Naty 10/01/2011www.meninadabahia.com.br
'Sinto mãos velhas e enrugadas apertando as minhas, e sua intensidade e familiaridade me forçam a abrir os olhos. A luz penetra e vislumbro seu rosto, um olhar que não quero ver novamente. Ele se agarra ao seu bebê. Sei que perdi o meu. Não posso deixá-lo perder o dele. Ao tomar minha decisão, já começo a sofrer. Aterrissei agora, a aterrissagem da minha vida. Meu coração ainda bate.
Mesmo partido, ele ainda funciona.'
pg. 9
Joyce acaba de perder seu bebê. Depois de anos tentando engravidar, depois da alegria da descoberta... a dor da perda. E quando uma tragédia acontece, geralmente nunca é um ato isolado, com ela vem um tsunami de infortúnios.

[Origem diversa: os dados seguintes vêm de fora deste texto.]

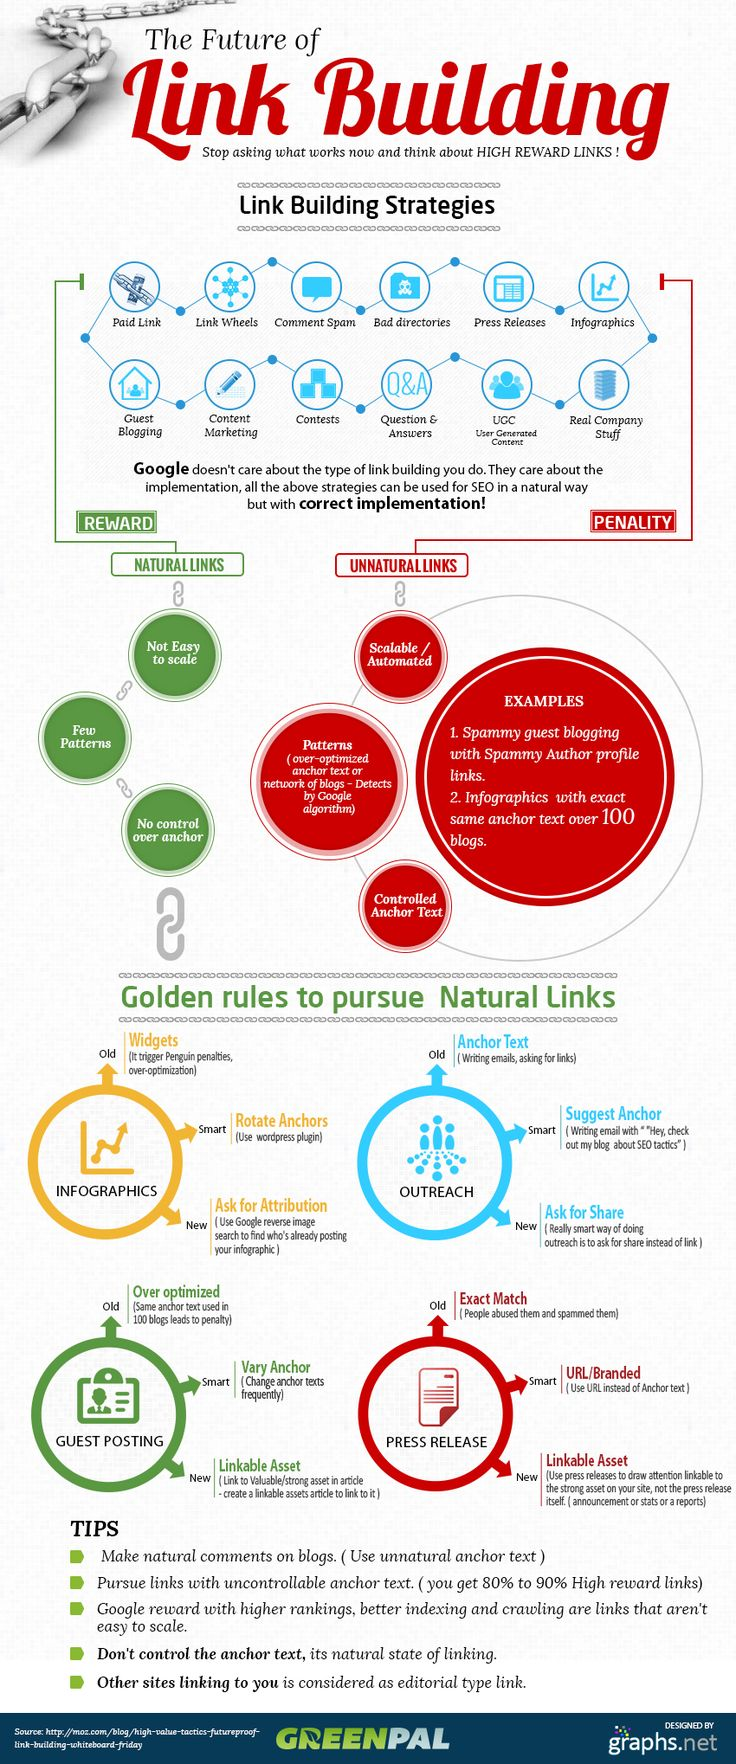 las mejores estrategias de link building

Sem filho, sem marido, sem emprego, sem casa, sem mãe... Resta a Joyce chorar, chorar pelo que nunca teve, pelo que poderia ter tido... Chorar pela morte da mãe, anos antes, que não estava ao seu lado, agora, quando mais precisava... Chorar pelo pai, que esquecia as memórias, mas que estava sempre presente para ela.
Passando pelo limbo da morte, Joyce recebe uma transfusão de sangue. E é quando toda a sua vida muda, literalmente, num piscar de olhos.
Justin é americano, atualmente mora em Londres. Depois do divórcio se mudou para a mesma cidade da ex, para ficar perto da filha. Professor conceituado, é convidado a dar uma série de palestras numa universidade em Dublin.
Inteligente, cético, morre de medo de agulhas. Não gosta de doar sangue. Acredita que ao doar a pessoa que recebeu seu sangue tem o dever moral de lhe agradecer eternamente por ter lhe salvado a vida. Pequenos agrados como uma cesta de muffins, lavagens de roupas, ingressos para a ópera, e tudo mais que ele desejar.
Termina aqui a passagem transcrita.